Авдотье Кирилловне господин очень понравился. Тихо, по старушечьи улыбаясь, она проговорила:
— Отдохнуть он лег, сын то мой, ну вы все таки пройдите в залу, я ему скажу.
Обтерев о половичек ноги, чтобы не наследить, Савинков прошел в залу.
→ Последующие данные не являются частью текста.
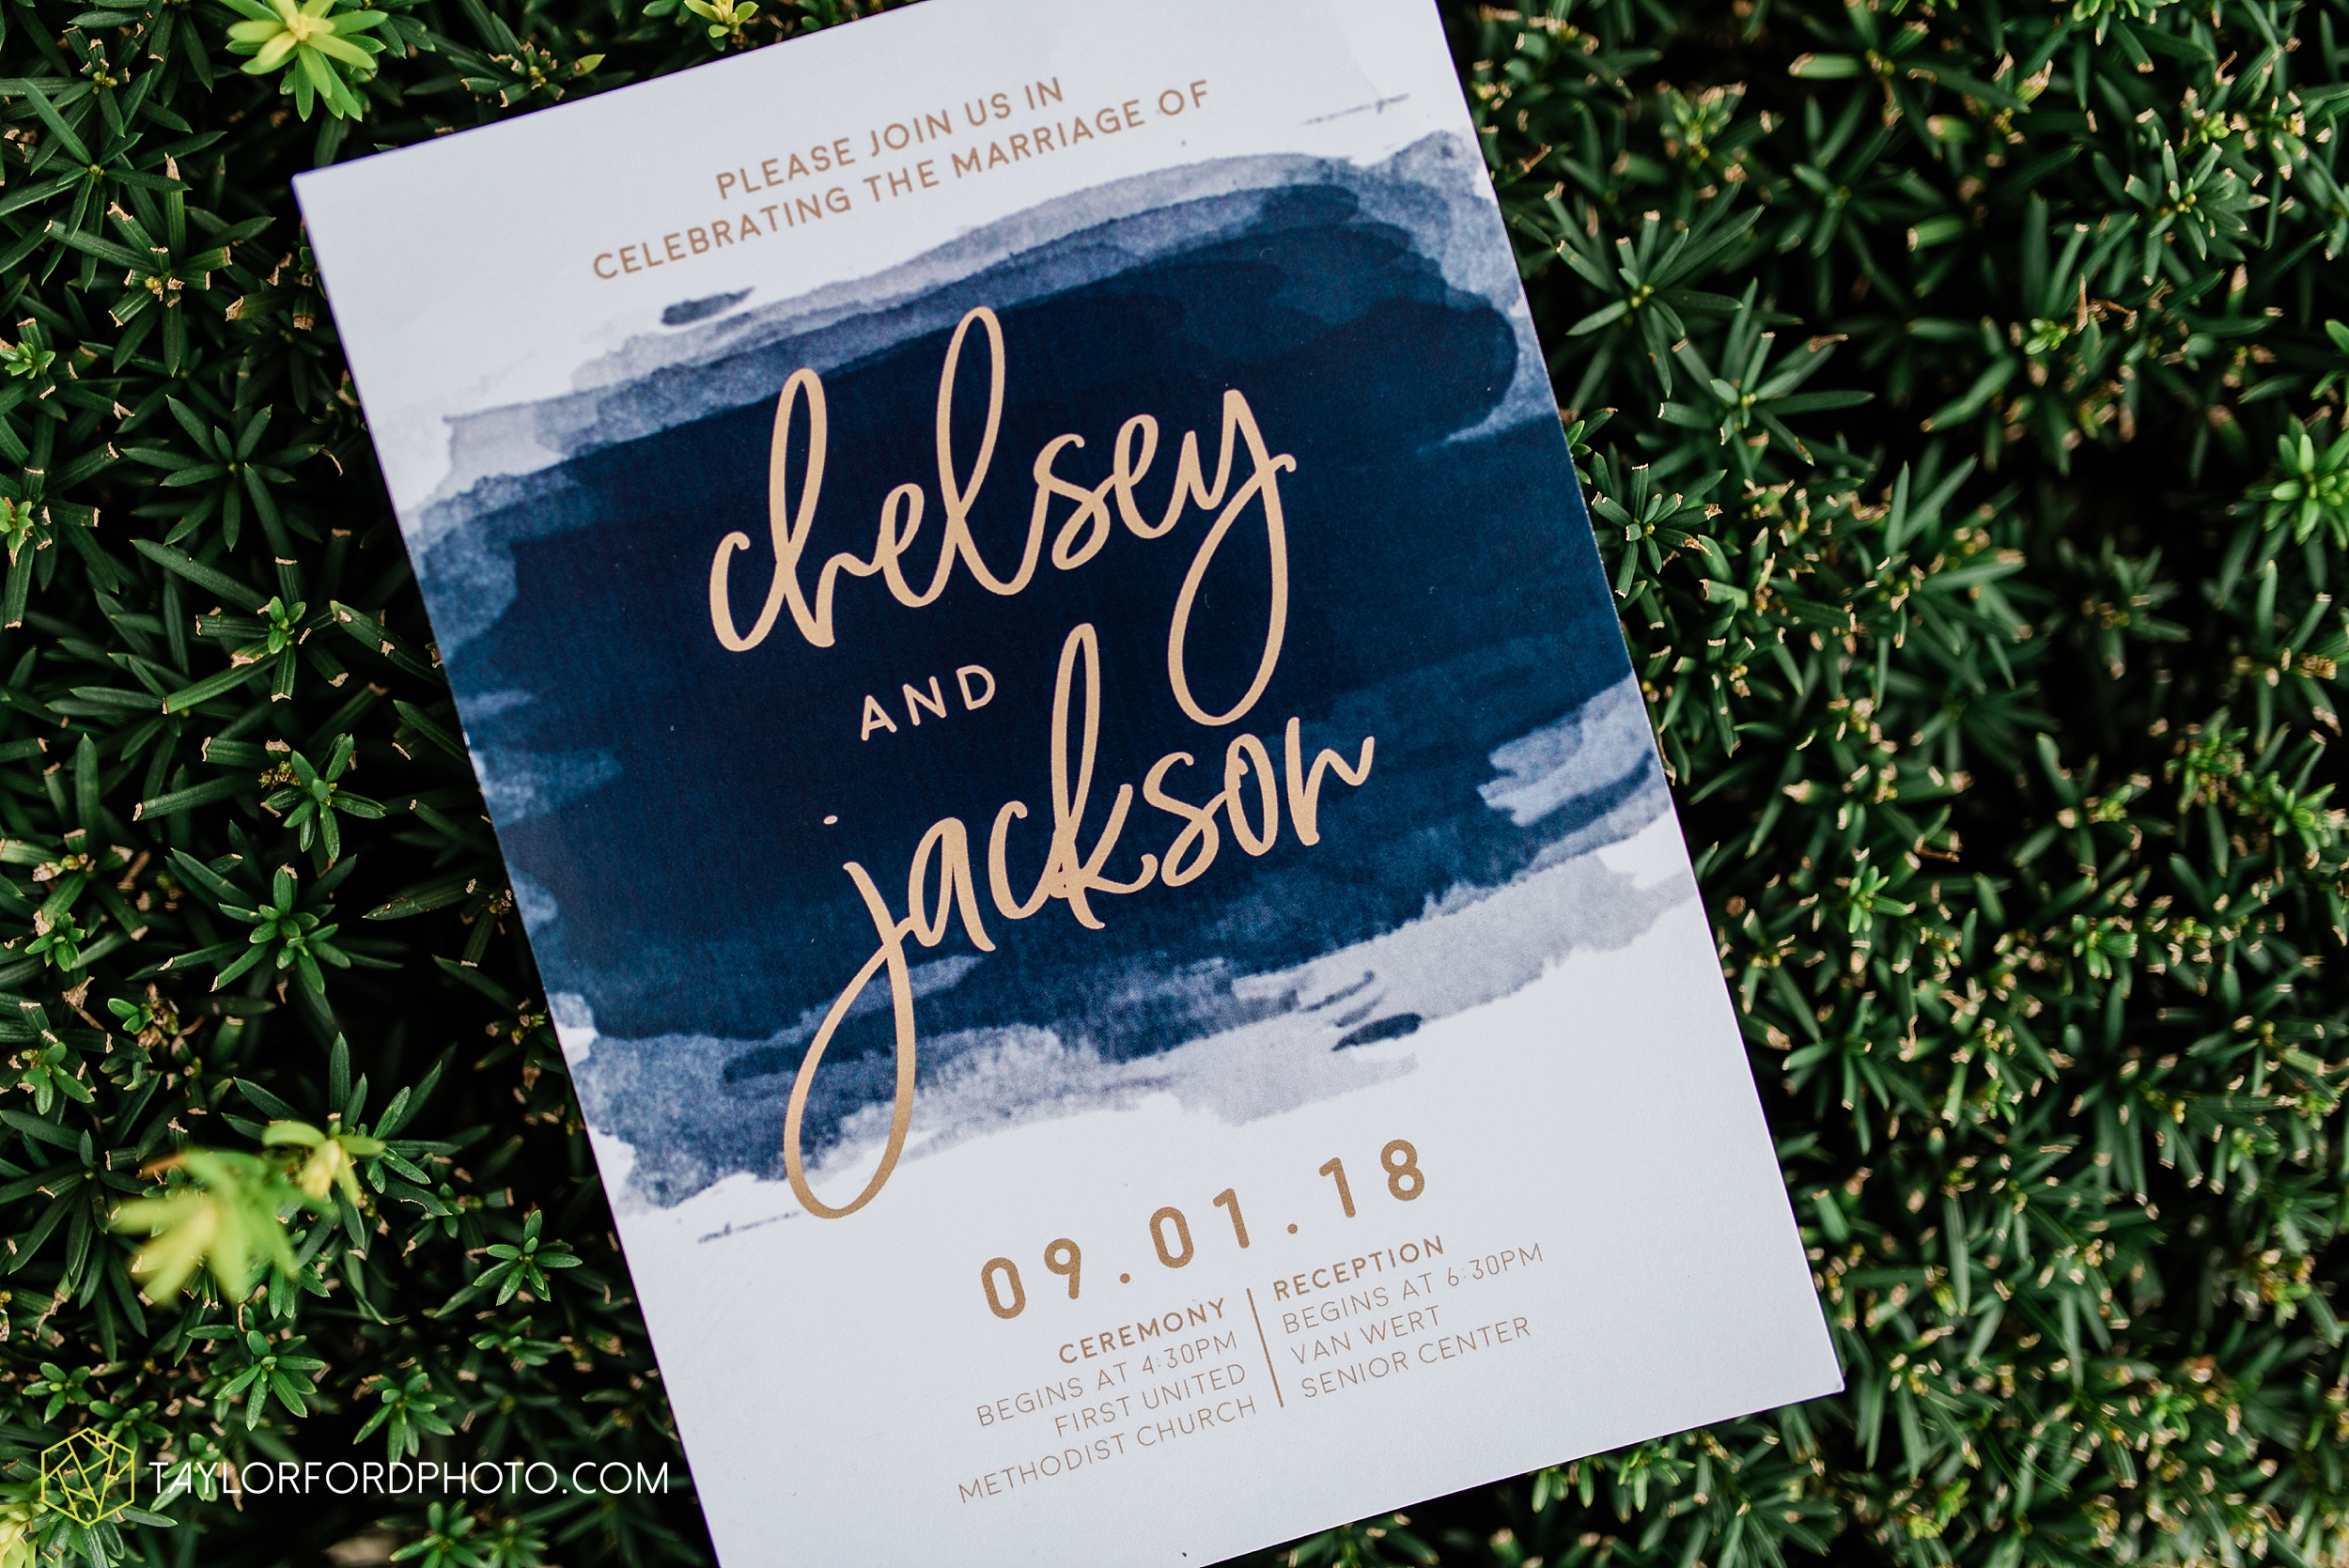 chelsey-zosh-jackson-young-first-united-methodist-church-senior-center-van-wert-ohio-wedding-photographer-taylor-ford-photography_0043.jpg

Зала маленькая, в фикусах, геранях, кактусах, с альбомами, плюшевыми скатертями, ширмами, портретами духовных лиц.
Когда скрипнула дверь и на пороге встала плотная фигура Татарова, Савинков рассматривал над диваном портрет монаха в клобуке.
— Ах, это вы? — удивленно, нерешительно проговорил Татаров и Савинков увидел: — побледнел.
— Здравствуйте, Николай Юрьевич! — весело сказал он, пожимая руку.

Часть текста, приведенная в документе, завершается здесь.